» **The input**:
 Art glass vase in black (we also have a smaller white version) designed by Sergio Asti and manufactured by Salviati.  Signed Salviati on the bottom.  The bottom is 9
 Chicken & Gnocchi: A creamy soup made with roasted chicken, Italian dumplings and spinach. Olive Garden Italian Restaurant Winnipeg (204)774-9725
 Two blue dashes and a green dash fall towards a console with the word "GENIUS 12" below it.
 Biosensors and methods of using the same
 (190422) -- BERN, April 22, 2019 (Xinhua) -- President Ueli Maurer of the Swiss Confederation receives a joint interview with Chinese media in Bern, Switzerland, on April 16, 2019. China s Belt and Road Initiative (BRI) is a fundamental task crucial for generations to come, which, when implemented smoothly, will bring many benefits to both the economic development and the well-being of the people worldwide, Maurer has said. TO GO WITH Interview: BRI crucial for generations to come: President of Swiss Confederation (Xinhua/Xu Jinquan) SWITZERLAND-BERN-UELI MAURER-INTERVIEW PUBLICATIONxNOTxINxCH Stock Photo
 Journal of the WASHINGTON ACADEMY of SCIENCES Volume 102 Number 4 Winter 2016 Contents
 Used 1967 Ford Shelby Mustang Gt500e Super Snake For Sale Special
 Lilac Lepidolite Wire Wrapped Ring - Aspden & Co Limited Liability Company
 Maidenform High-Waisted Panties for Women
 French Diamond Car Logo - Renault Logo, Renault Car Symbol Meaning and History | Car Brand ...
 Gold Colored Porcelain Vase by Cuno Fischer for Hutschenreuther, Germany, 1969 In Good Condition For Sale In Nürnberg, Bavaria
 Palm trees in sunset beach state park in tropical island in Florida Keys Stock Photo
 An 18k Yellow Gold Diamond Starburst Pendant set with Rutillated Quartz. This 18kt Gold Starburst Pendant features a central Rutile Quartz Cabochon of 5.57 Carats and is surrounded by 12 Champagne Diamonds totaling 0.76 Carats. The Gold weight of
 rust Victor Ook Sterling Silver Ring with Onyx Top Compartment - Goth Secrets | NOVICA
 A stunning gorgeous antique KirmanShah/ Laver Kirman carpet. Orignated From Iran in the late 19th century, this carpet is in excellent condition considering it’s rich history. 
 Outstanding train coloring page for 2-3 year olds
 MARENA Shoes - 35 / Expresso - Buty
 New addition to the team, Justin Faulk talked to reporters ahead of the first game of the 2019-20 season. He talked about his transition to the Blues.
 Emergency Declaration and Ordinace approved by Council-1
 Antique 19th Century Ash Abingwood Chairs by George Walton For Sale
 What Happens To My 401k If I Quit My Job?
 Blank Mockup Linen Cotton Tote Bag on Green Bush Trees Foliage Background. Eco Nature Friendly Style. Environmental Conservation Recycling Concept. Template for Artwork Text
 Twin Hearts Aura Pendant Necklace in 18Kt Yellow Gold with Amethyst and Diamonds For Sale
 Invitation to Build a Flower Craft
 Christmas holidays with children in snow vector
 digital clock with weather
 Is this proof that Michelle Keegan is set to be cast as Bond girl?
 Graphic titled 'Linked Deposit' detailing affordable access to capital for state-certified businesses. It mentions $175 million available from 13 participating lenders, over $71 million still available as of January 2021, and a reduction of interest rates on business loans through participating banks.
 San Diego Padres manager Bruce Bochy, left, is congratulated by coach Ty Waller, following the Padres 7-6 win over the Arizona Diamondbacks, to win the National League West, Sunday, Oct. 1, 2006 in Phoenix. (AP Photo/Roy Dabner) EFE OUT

» **Problem statement**:
Your task is to transcribe, with no changes, only the lines of the listing above that lie between the line holding "Outstanding train coloring" and the line holding "Antique 19th Century", inclusive.

» **Result of the exercise**:
 Outstanding train coloring page for 2-3 year olds
 MARENA Shoes - 35 / Expresso - Buty
 New addition to the team, Justin Faulk talked to reporters ahead of the first game of the 2019-20 season. He talked about his transition to the Blues.
 Emergency Declaration and Ordinace approved by Council-1
 Antique 19th Century Ash Abingwood Chairs by George Walton For Sale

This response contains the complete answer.